Sometimes it is hard to predict which way ANTLR will parse the syntactically incorrect statement. It may falsy recognize a rule that requires the area check. If your statement is correct, check that you have a line break \n at the end of this rule.

Why does the build fail after I created a test that passes?

The project is configured to apply the style check on the build, so if your test is not formatted properly, it will fail. Just press Ctrl+Alt+L (Windows) or ⌥⌘L (Mac OS) to apply the auto-formatting.

Why is the ‘public’ keyword highlighted?

The Junit 5 tests should be package-private. Remove all the public declarations for @Test methods and class from your test.

Is it OK if the error message is too long?
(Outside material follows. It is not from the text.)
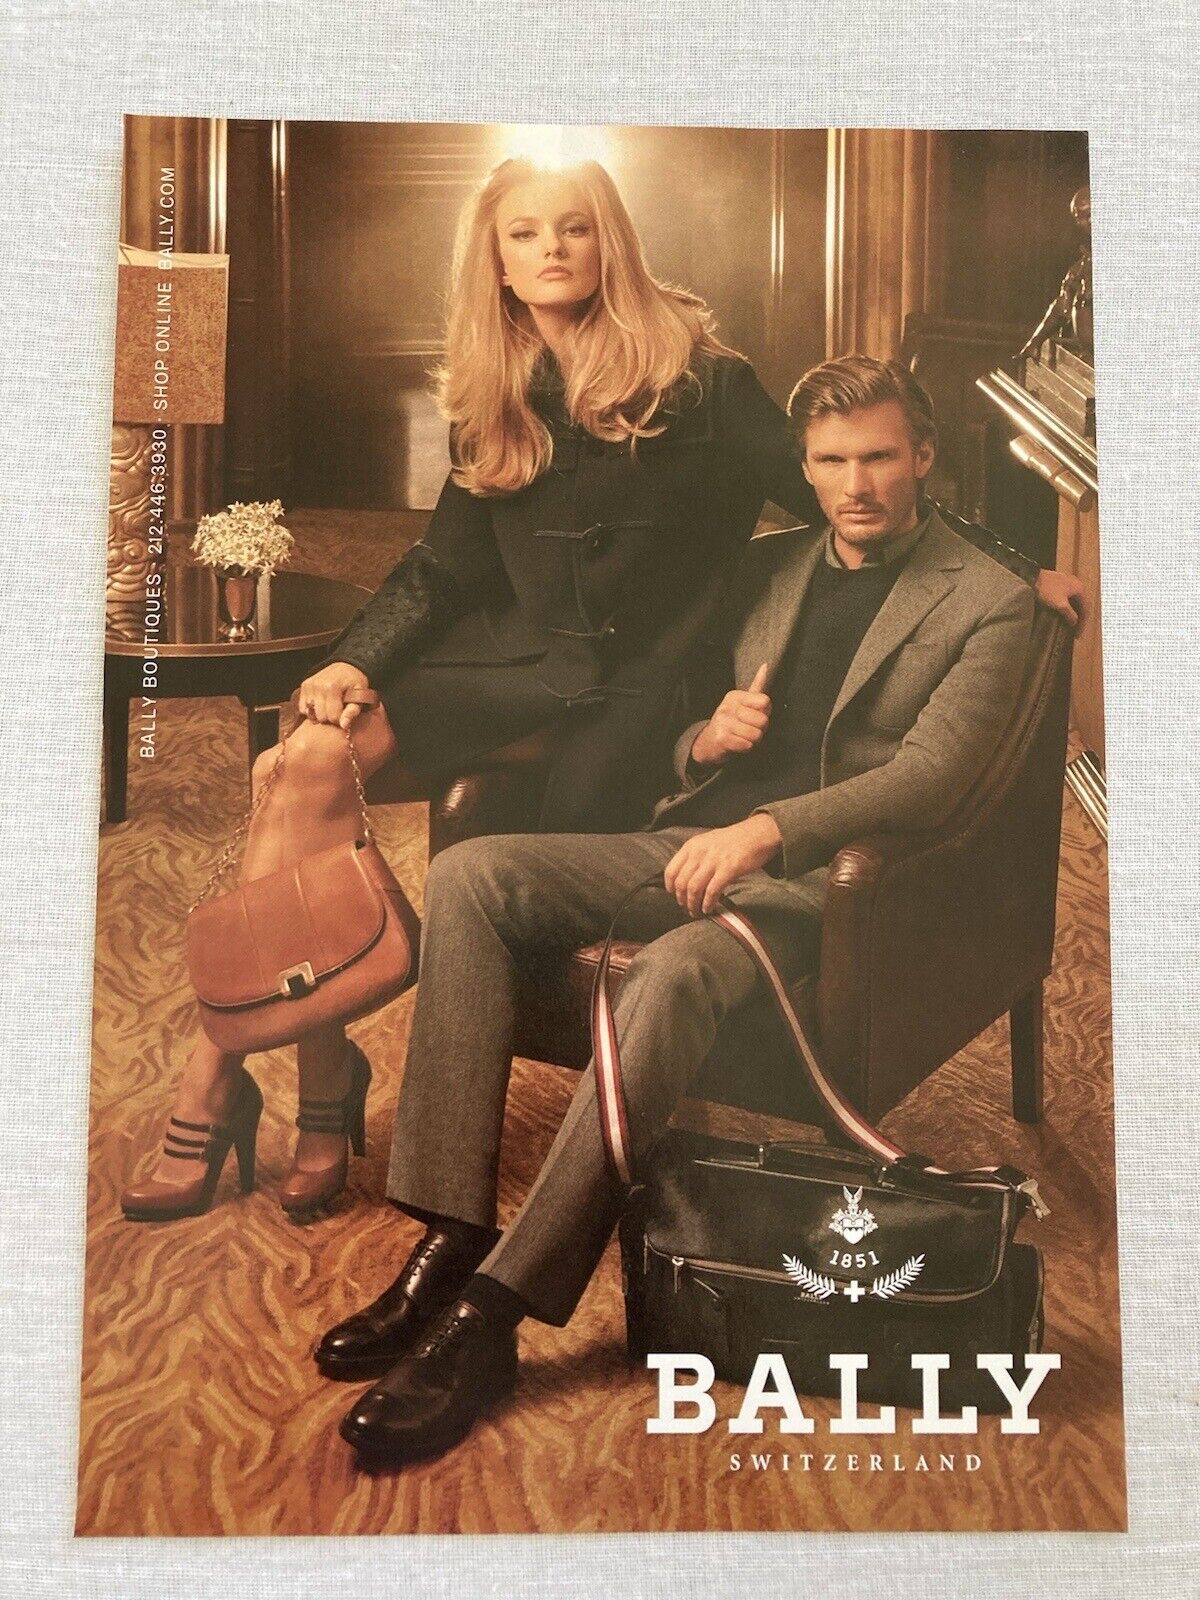 2011 Bally Switzerland Print Ad 1 D/S Page Feet Long Legs Ankles High Heel Shoes

Yes, it may happen that a syntax error produces a very long message. It is still required to put the entire message into your test.

When do I need a test?

Whenever you fix a bug or add a new feature.
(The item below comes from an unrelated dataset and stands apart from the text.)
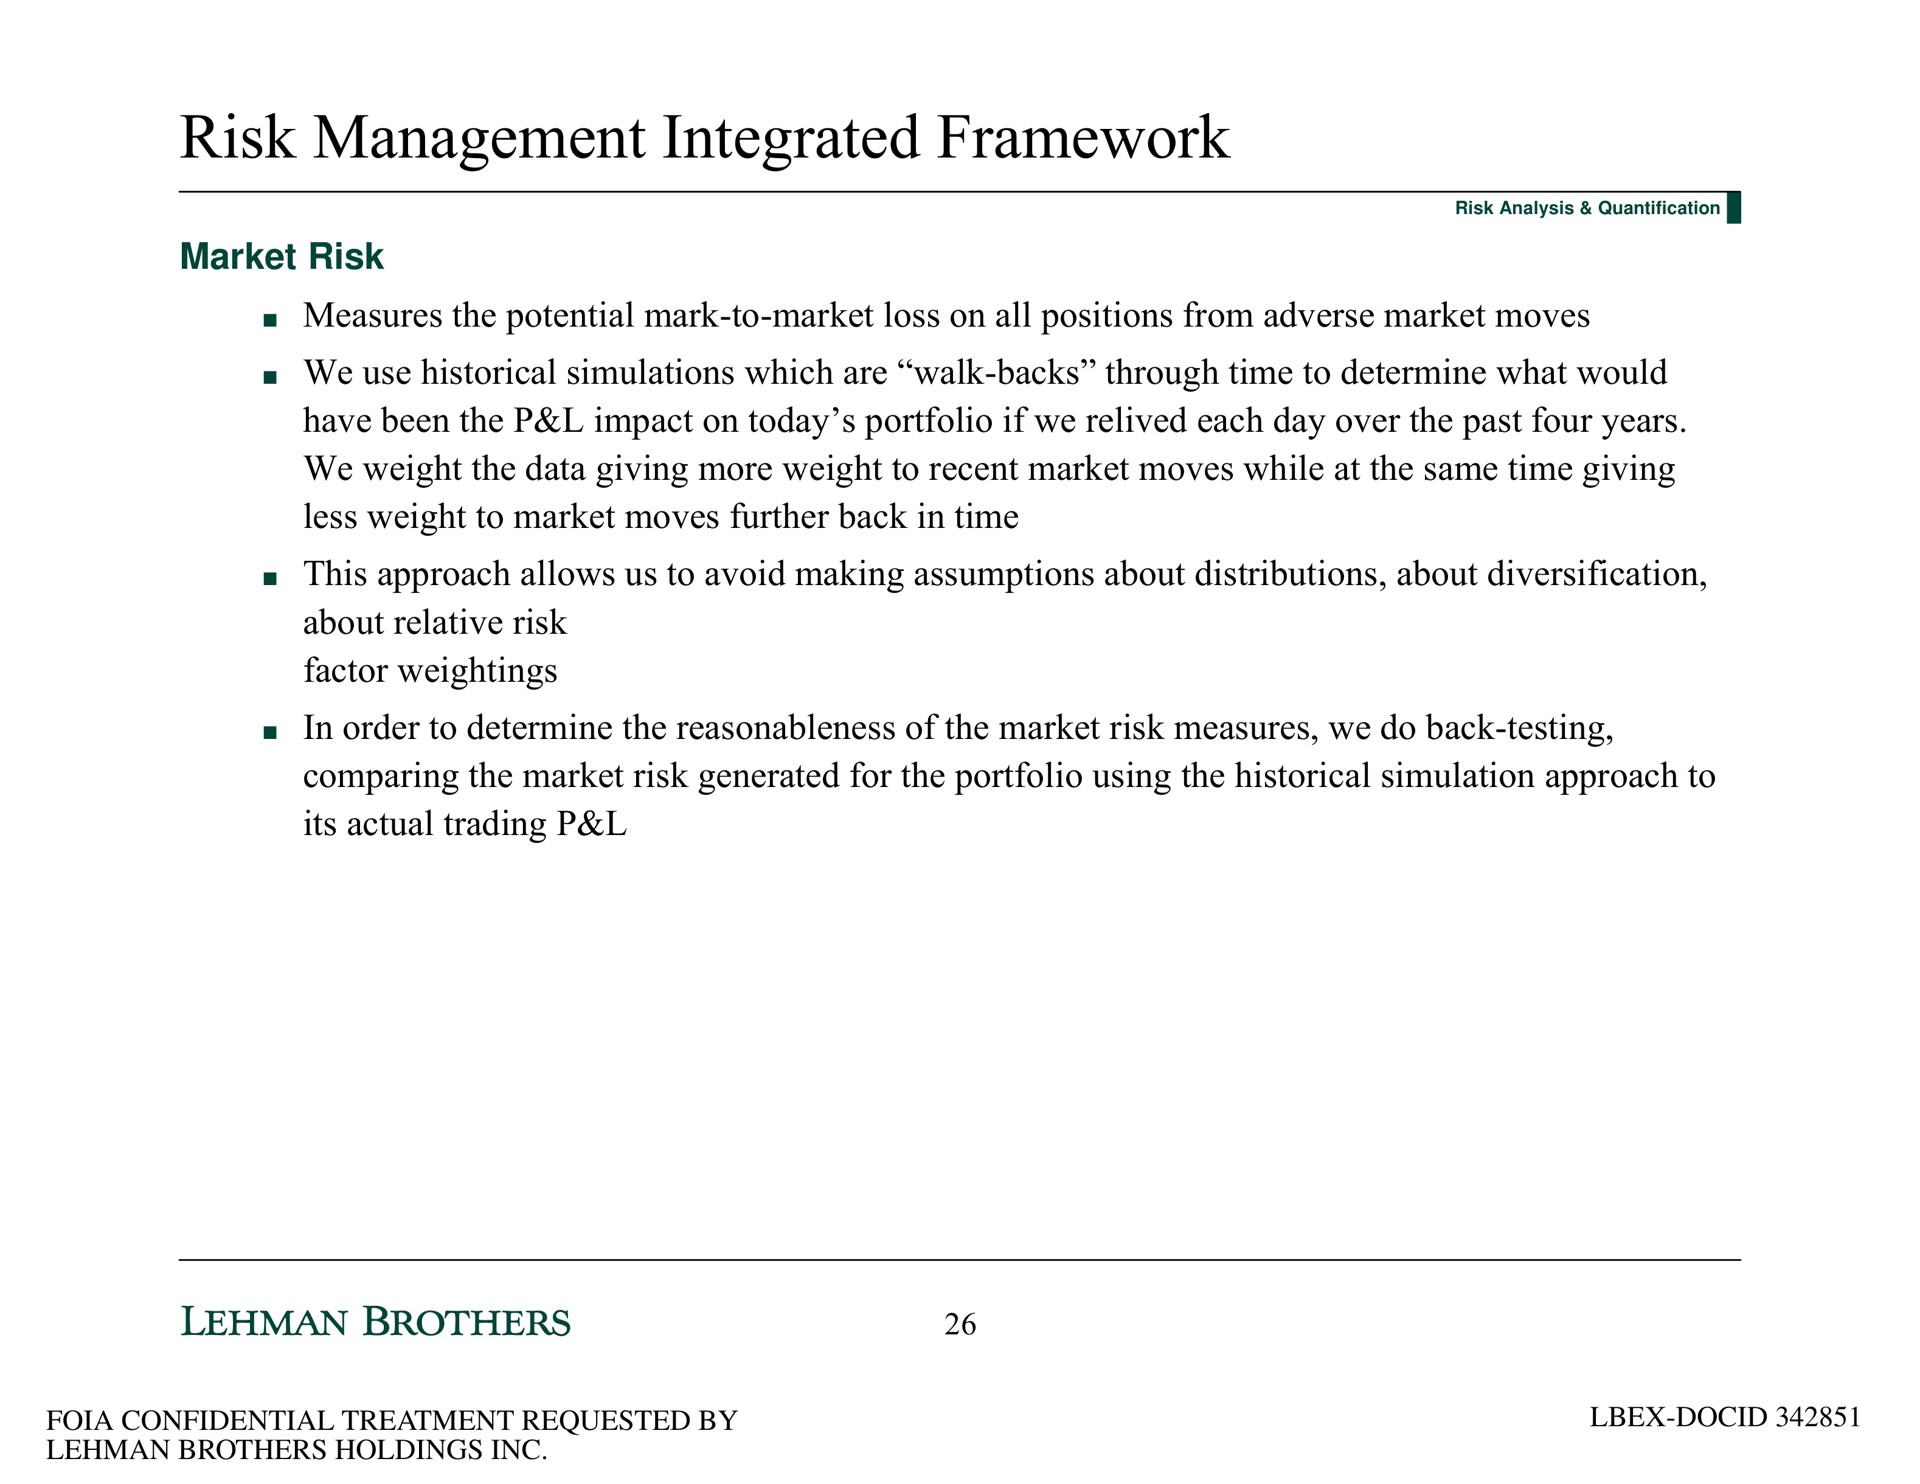 risk management integrated framework market risk measures the potential mark to market loss on all positions from adverse market moves we use historical simulations which are walk backs through time to determine what would have been the impact on today portfolio if we relived each day over the past four years we weight the data giving more weight to recent market moves while at the same time giving less weight to market moves further back in time this approach allows us to avoid making assumptions about distributions about diversification about relative risk factor weightings in order to determine the reasonableness of the market risk measures we do back testing comparing the market risk generated for the portfolio using the historical simulation approach to its actual trading | Lehman Brothers

Can I store the COBOL file outside the test?

No.

Why do incomplete statements show weird syntax errors?

If there is an incomplete statement, e.g. COPY. instead of COPY ABCD., then the parser turns on the lookahead tool that tries to find a matching grammar rule. It may not always succeed, expecially if the expected grammar rule is complicated and has a lot of options. In this case, some tokens may be falsy treated as variable or paragraph identifiers or the beginning of another statement. It may seem like an inconsistent behavior but solve it quite hard - you should provide rules that may match every possible state and throw errors on incorrect ones manually using code actions or semantic predicates. It is not a best practice and is not needed in the majority of cases. Concentrate on processing the correct statements first.